The synthesis of inductive loop invariants is a critical bottleneck in automated program verification. While Large Language Models (LLMs) show promise in mitigating this issue, they often fail on hard instances, generating invariants that are invalid or computationally ineffective. While fine-tuning is a natural route to mitigate this limitation, obtaining high-quality training data for invariant generation remains an open challenge. We present a rigorous data curation pipeline designed to extract high-quality training signals from raw verifier-generated invariants. First, we formalize the properties required for a high-quality training invariant. Second, we propose WONDA, a pipeline that refines noisy data via AST-based normalization, followed by LLM-driven semantic rewriting and augmentation with provable quality guarantees. We demonstrate that fine-tuning Small Language Models (SLMs) on this curated dataset result in consistent and significant performance gain. In particular, a fine-tuned 4B parameter model matches the utility of a GPT-OSS-120B baseline and approaches the state-of-the-art GPT-5.2, without incurring reasoning-time overhead. On challenging instances from the recent InvBench evaluation suite, our approach doubles the invariant correctness rate of base models; and improves their Virtual Best Performance (VBP) rates on the verification task by up to 14.2%.

Overview

This repository contains the code for WONDA (data curation pipeline) and the full training and evaluation framework for fine-tuning Small Language Models (SLMs) on loop invariant generation for C programs.

Released models and datasets: All fine-tuned models and datasets are available in the Wonda HuggingFace collection.

Installation

Prerequisites

Python 3.13+
CUDA-compatible GPU (we used L40S or H200)
uv package manager
UAutomizer (for verification)
runlim (for time/memory limits during verification)
Weights & Biases (W&B) account (optional but recommended): we use wandb for experiment tracking when training fine-tuned models, and W&B Weave for evaluation observability; a W&B account gives you the full experience.

Setup

# Clone the repository
git clone https://github.com/idopinto/wonda.git
cd wonda

# Install dependencies
uv sync

# Install dev dependencies (optional)
uv sync --extra dev

Environment variables

Copy .env.example to .env and fill in any credentials you need:

cp .env.example .env
# Edit .env with your API keys (OpenAI, Together, OpenRouter, HuggingFace, W&B, etc.)

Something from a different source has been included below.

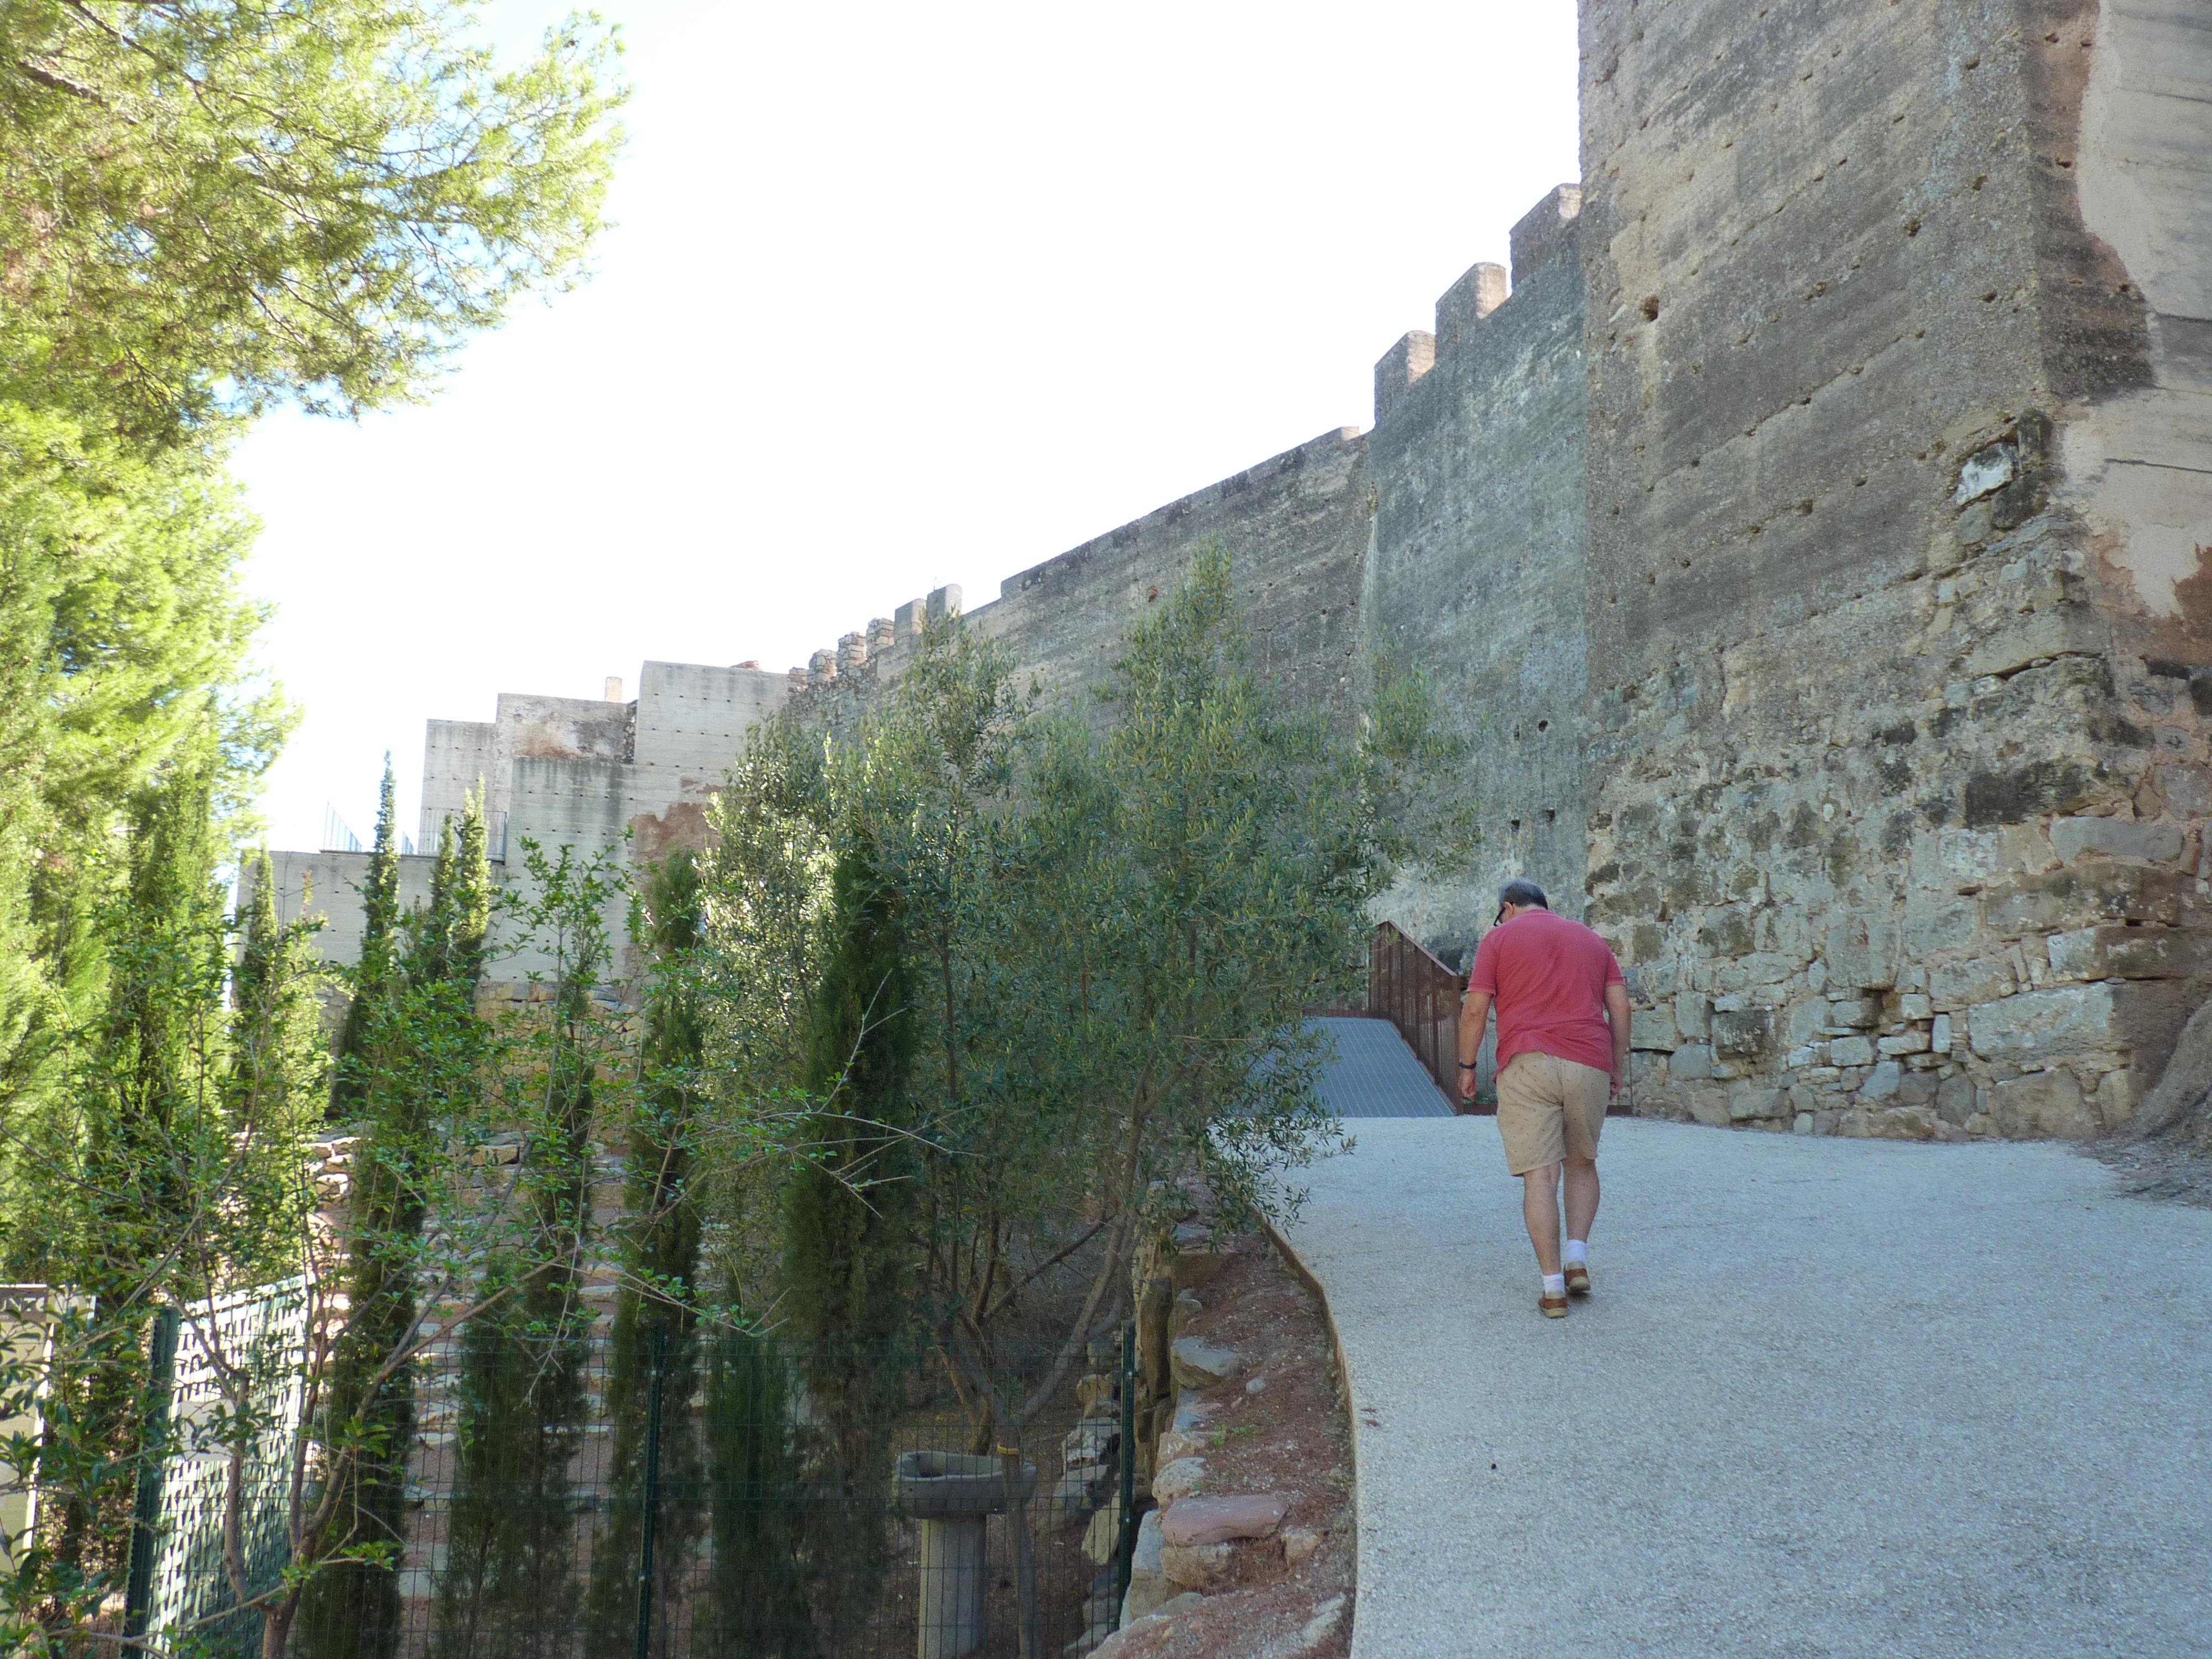 Walking the ramp to Castle gate

Variables are optional and depend on what you run: API keys for external model backends, HF_TOKEN for private models or pushing to the Hub, WANDB_API_KEY for experiment tracking. See .env.example for the full list.

UAutomizer Setup

Download and extract UAutomizer (0.3.0-dev-d790fec) to tools/UAutomizer25/. The framework expects the following structure:

tools/
└── UAutomizer25/
    └── Ultimate.py

Other releases can be found here: https://fm-tools.sosy-lab.org/#tool-uautomizer

Runlim Setup

Build or install runlim and place the runlim binary at tools/runlim/runlim. It is used to enforce time and memory limits when running the verifier (e.g. for evaluation and dataset building).

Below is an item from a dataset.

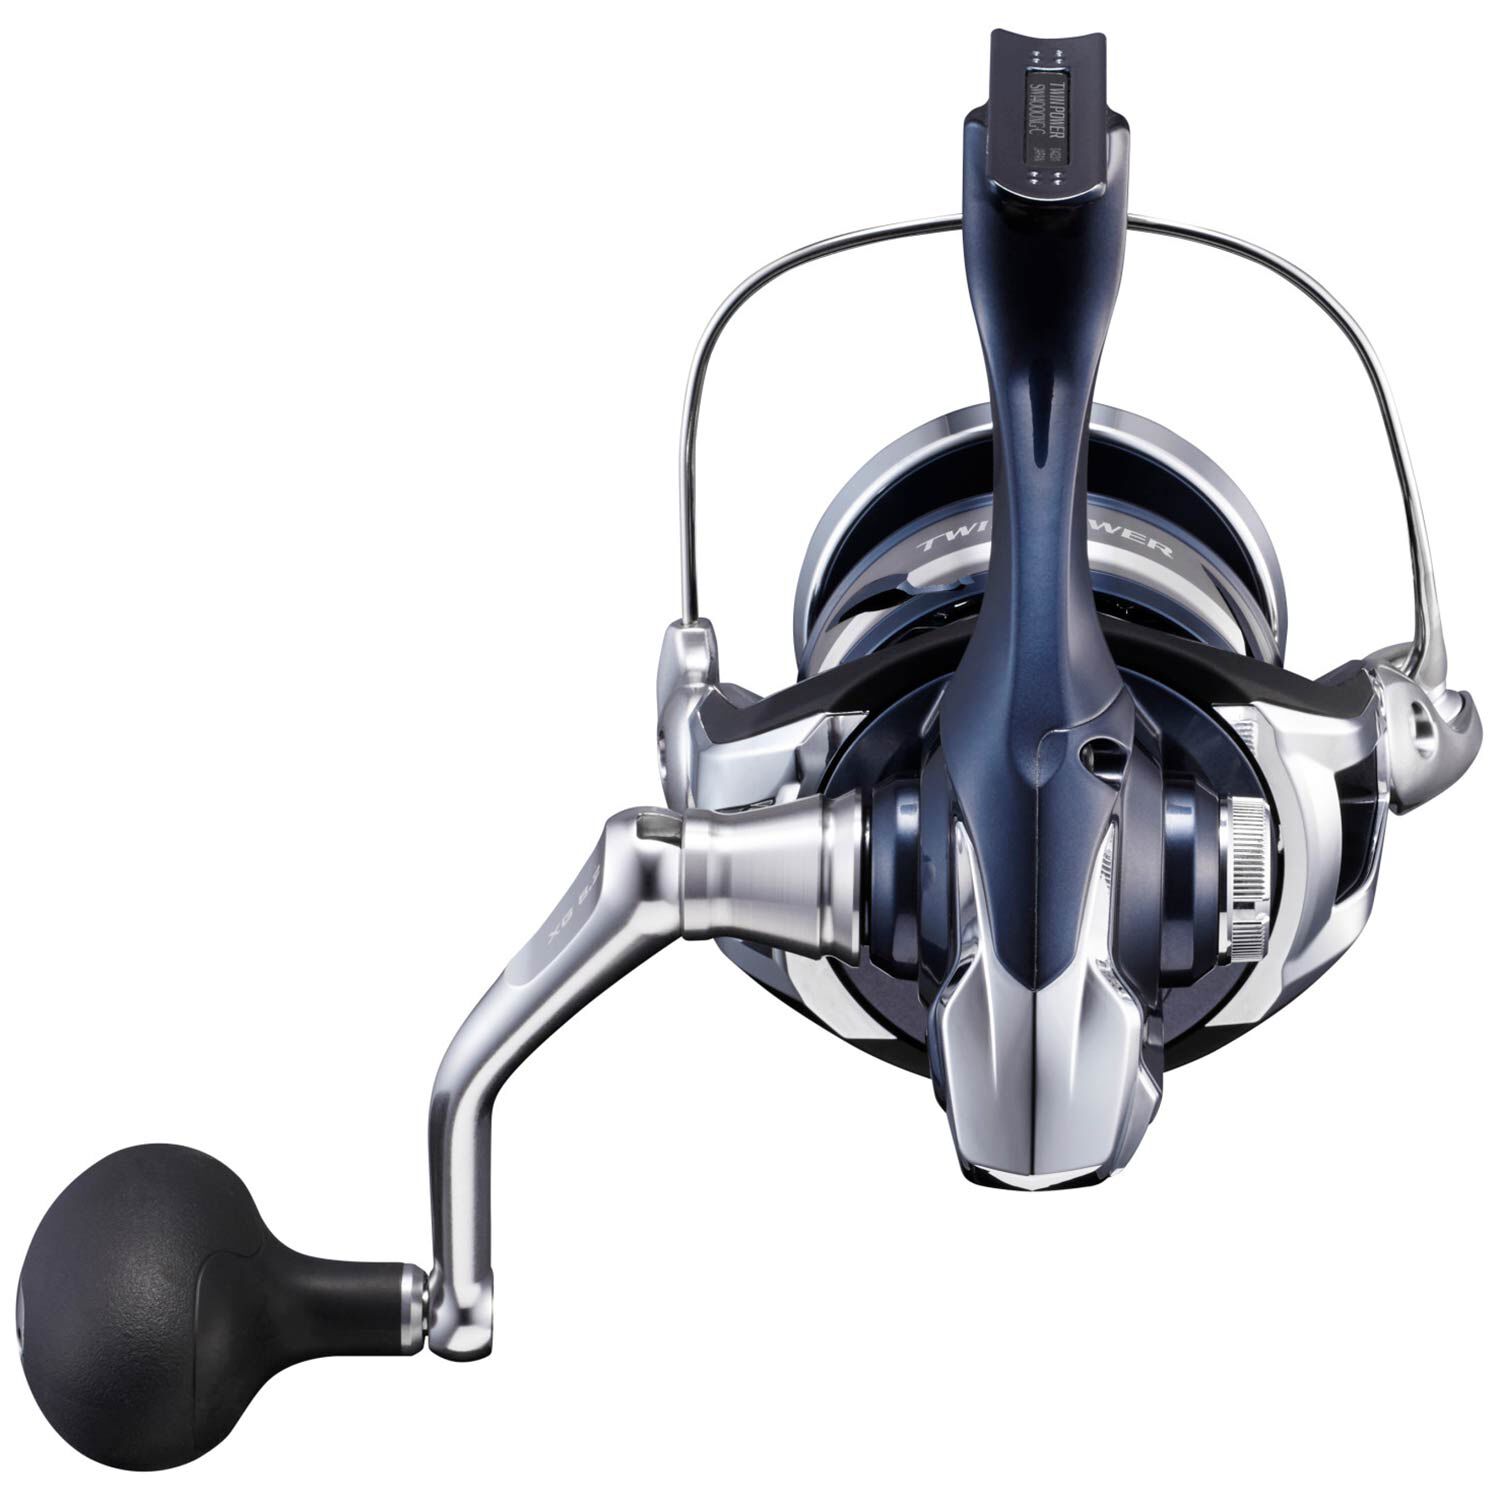 Twinpower SW 8000HG C Spinning Reel

Minimum smoke test (no GPU or verifier)

To verify the repo works without a GPU, UAutomizer, or runlim:

# Run the full test suite (no network, no external tools)
uv run pytest tests/ -v

# Run a quick demo (AST pipeline only, no verifier)
uv run python -m wonda.demos.ast_program_demo

See wonda/core/README.md for more demos (AST tree, normalization, and optional direct verification with UAutomizer).

Quick Start

Run a quick multi-run evaluation on a small sample (e.g. 5 instances). For a fast local smoke test, use multi_run.num_runs=1 together with weave.skip_weave=true and weave.test_mode=true:

# GPT-5.2 (OpenRouter API; set OPENROUTER_API_KEY in .env)
uv run -m wonda.eval.run_multi_eval multi_run.num_runs=1 dataset.limit=5 weave.skip_weave=true weave.test_mode=true models=gpt_5.2_config

# Qwen3-0.6B base (no fine-tuning)
uv run -m wonda.eval.run_multi_eval multi_run.num_runs=1 dataset.limit=5 weave.skip_weave=true weave.test_mode=true models=qwen3_0.6b_nt_config

# Qwen3-0.6B fine-tuned v2.2 (WONDA SFT)
uv run -m wonda.eval.run_multi_eval multi_run.num_runs=1 dataset.limit=5 weave.skip_weave=true weave.test_mode=true models=qwen3_0.6b_nt_config models.eval_ft_model=true models.ft_model.sft_version="v2.2"

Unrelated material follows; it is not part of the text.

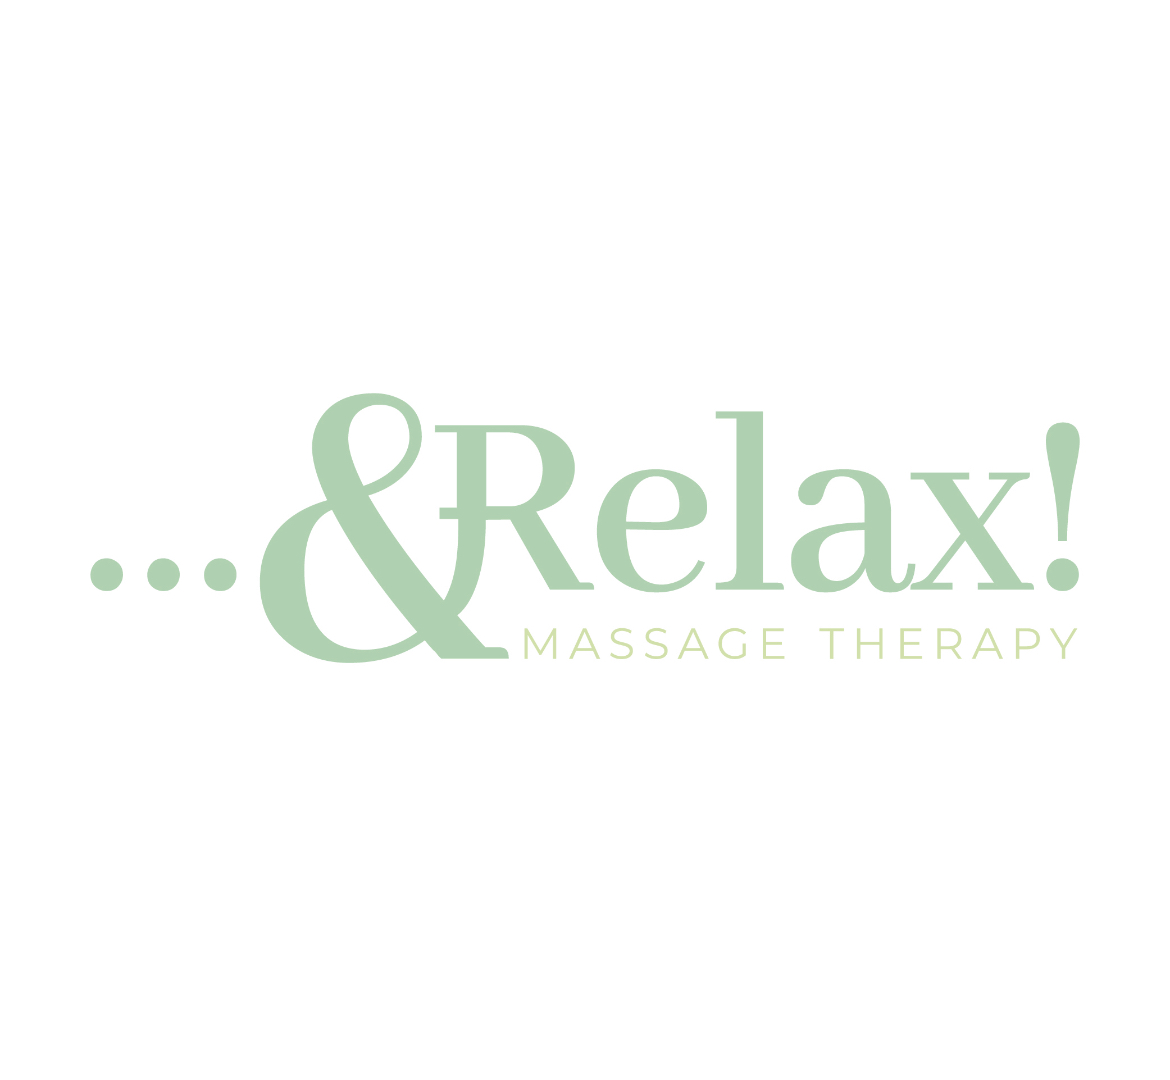 … & Relax! Massage Therapy

Evaluation requires UAutomizer and runlim (see Installation). We recommend using W&B Weave for observability (traces, prompts, and model outputs); for quick local tests, disable it with weave.skip_weave=true and keep outputs isolated with weave.test_mode=true. Evaluation runs model inference with Weave parallelism (WEAVE_PARALLELISM; single-run default 8, multi-run default 1); UAutomizer verification is throttled via a semaphore (VERIFIER_MAX_CONCURRENT, default 1) to avoid resource contention. More models and full benchmark runs are described in wonda/eval/README.md.

Demos

Runnable demos (no external tools for the first three) are in wonda/demos/:

Demo	Command	Notes
AST program pipeline	`uv run python -m wonda.demos.ast_program_demo`	In-memory C program through full pipeline
AST tree visualization	`uv run python -m wonda.demos.ast_tree_demo`	Unicode tree diagrams
Invariant normalization	`uv run python -m wonda.demos.normalization_demo`	AST-based normalization
Direct verification	`uv run python -m wonda.demos.direct_verification_demo`	Requires UAutomizer + runlim

Details: wonda/core/README.md.

What requires external services or tools?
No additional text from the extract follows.